Care In Retirement Homes

Understanding Levels Of Care In Retirement Homes

December 28, 2023

Senior living communities offer varying levels of care to cater to different needs, ensuring that residents receive the required support for a comfortable lifestyle.

Assisted living, memory care, and nursing homes provide different levels of care in the exact location. Independent living, meanwhile, is the least restrictive setting on the senior housing continuum.


Bathing is an essential level of care for many elderly individuals. In some cases, resistance to bathing can become a significant barrier to maintaining health and well-being. It can be triggered by discomfort in the water, embarrassment or fatigue, concerns about falling, and the risk of infection.

Bathing can also help improve breathing problems, especially in a warm water bath. The lungs are more fully expanded and can breathe air during this activity.

This broader occupation theme primarily encompassed increased ‘cleanliness’ and more excellent choice and control,’ which combined to promote greater autonomy with personal care.


A retirement home that offers assisted living will have trained staff on hand to help with the basics of daily life, including dressing. For this reason, you must pack your elderly relative’s clothing in a way that makes it as easy to get dressed as possible. It includes ensuring they have plenty of clothes that can be quickly undone and not too tight around the arms, legs, and chest area, which can cause discomfort.

It’s also essential to ensure your loved one has comfortable, warm layers, especially if they struggle to move independently and need help with toileting. If they’re prone to incontinence, you should include many absorbent undergarments. Having an abundance of outfits to choose from will promote independence, but they should be easily accessible so that your loved one can put them on with little to no help. Labeling drawers and organizing clothes into easy-to-find categories can make this process much easier for your senior relative.


Most older adults take several medications, and keeping accurate track of them can be difficult. Medication-related hospital admissions can account for up to 25% of more senior adult hospital admissions, mainly as a result of nonadherence or adverse drug reactions (ADRs). Learn more about assisted living medication management.

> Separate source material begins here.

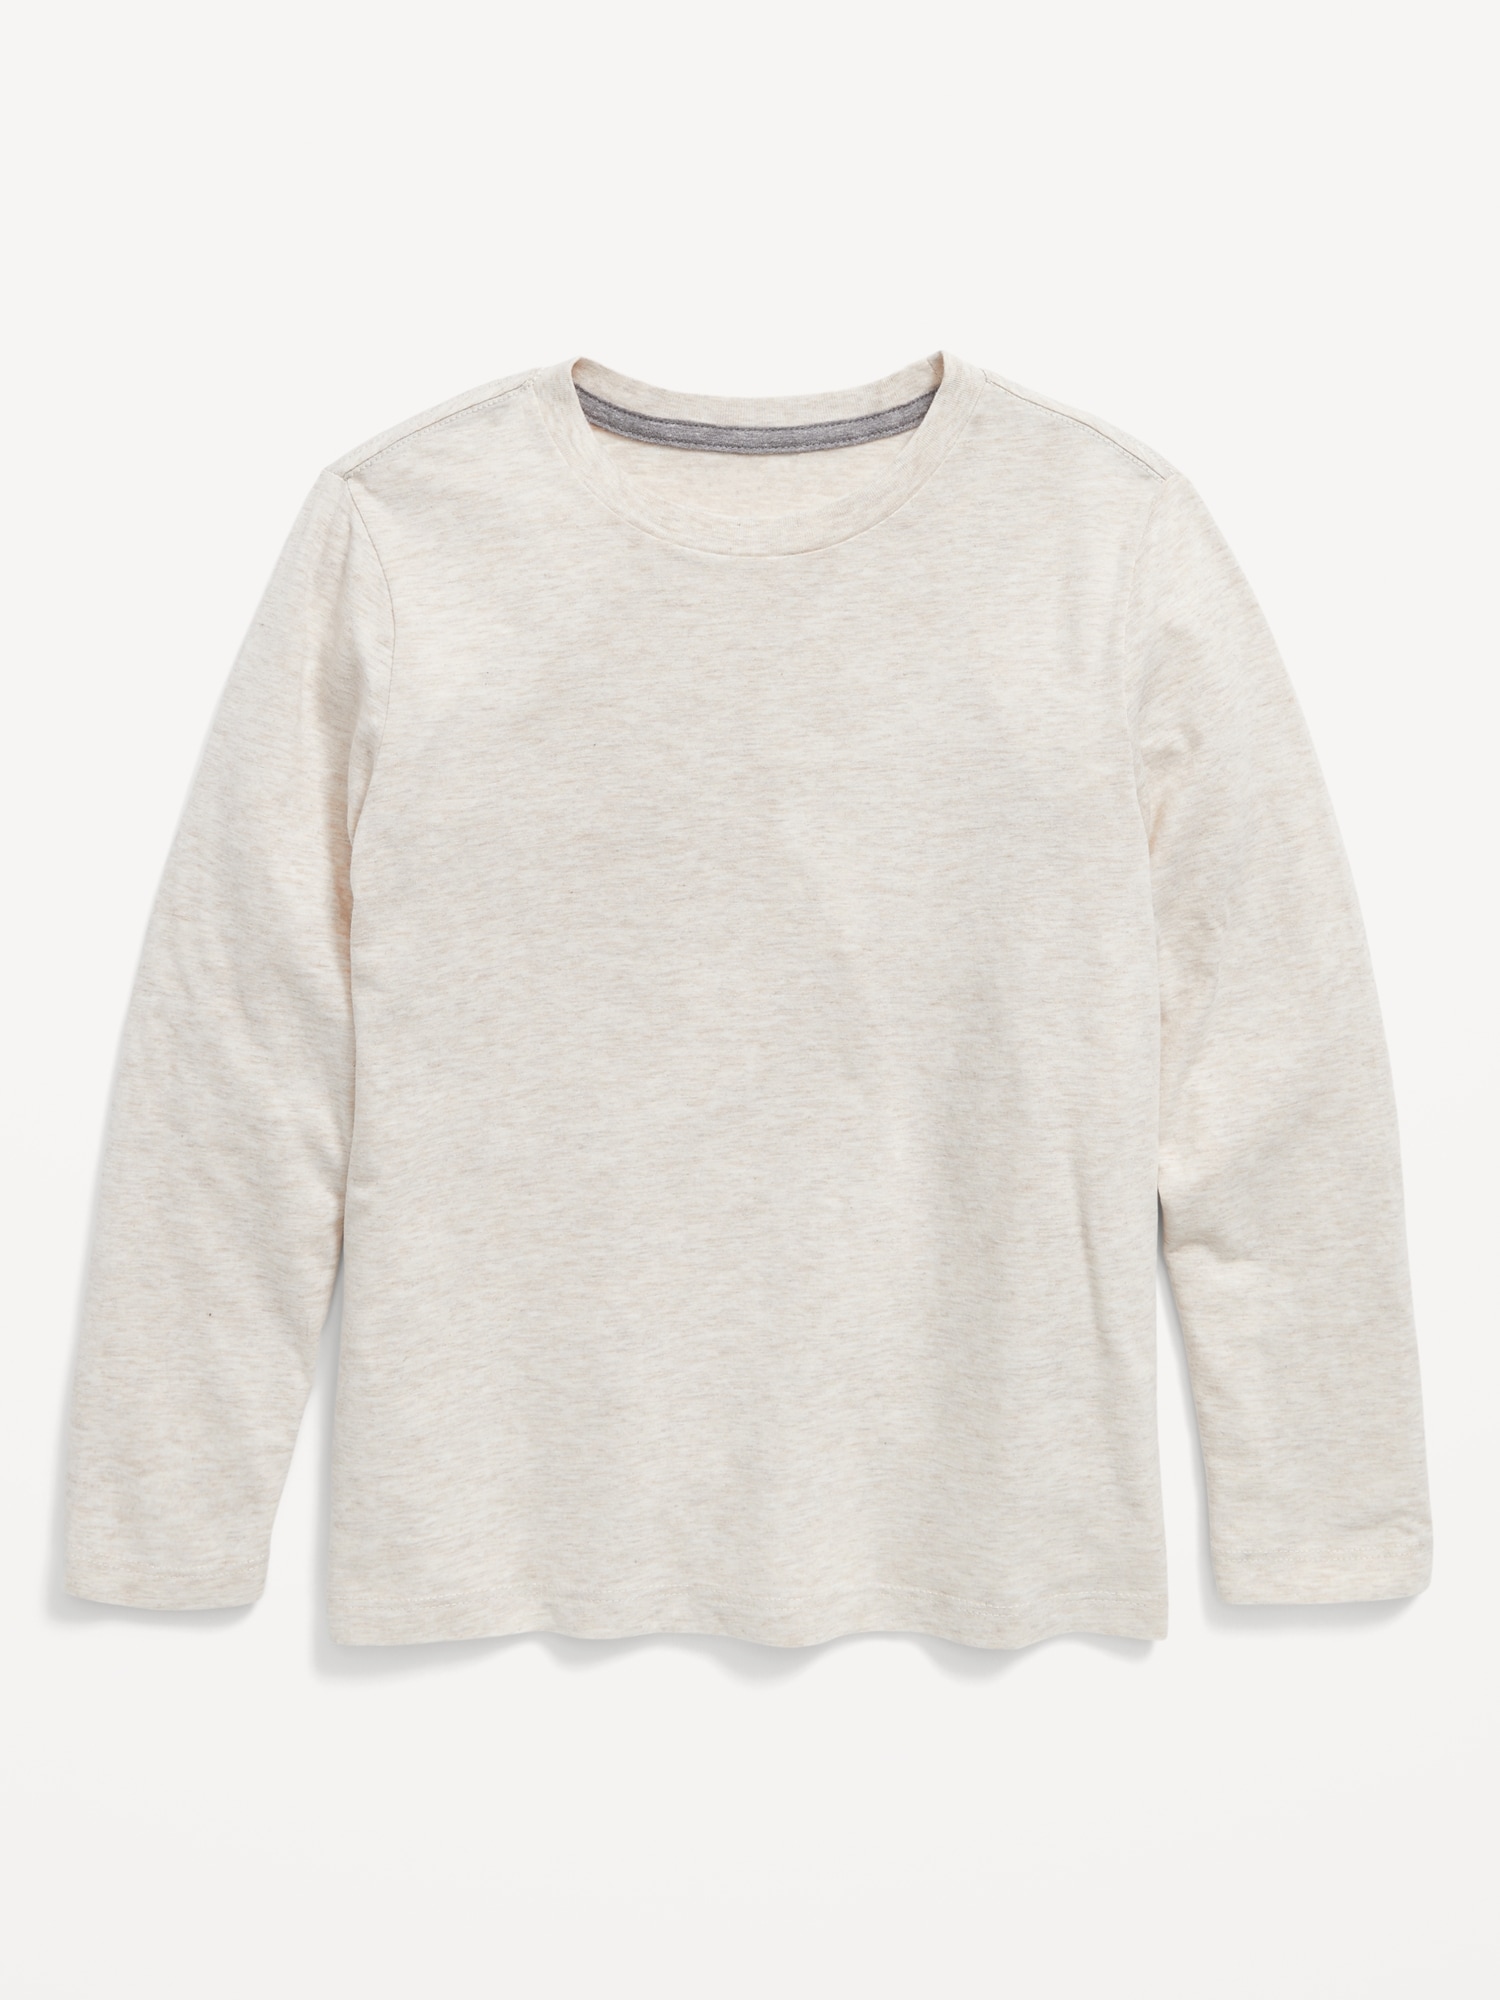 Softest Long-Sleeve Solid T-Shirt for Boys | Old Navy

Senior living facilities have complicated medication management procedures. A medical professional has a deeper understanding of a person’s condition than family caregivers, and they can read the fine print on medication labels that may be hard for a spouse or adult child to understand.

A higher level of care focuses on giving seniors more hands-on assistance with their daily living needs, including transferring them into and out of beds or wheelchairs. They also need help managing their incontinence and behavioral issues. These residents may also need complex medical monitoring for chronic pain or other health conditions. They require verbal and physical cueing to manage their day. They may also have memory loss or other cognitive disorders. This type of care requires more specialized training and certification for staff.


The use of levels of care also allows communities to adjust a resident’s needs quickly should their health or memory worsen. In this way, it offers residents a greater sense of security.

The socialization process, often enculturation, occurs when an individual is exposed to another group’s culture and can adapt. It happens through family, peer groups, community, and resocialization settings, as well as at work and in the classroom.

At assisted living, the different levels of care include level one, which accounts for a wake-up visit and simple daily reminders, and level five, which provides hands-on assistance with multiple ADLs. Each Continuing Care Retirement Community/FFSCCRC may define levels of care differently, but they typically boil down to the same spectrum. Levels are based on information gathered from a resident’s medical history, physical (H&P) assessment, and personalized care plan. In addition, it is based on the senior’s ability to ambulate and manage their medications, doctor appointments, and bladder and bowel control.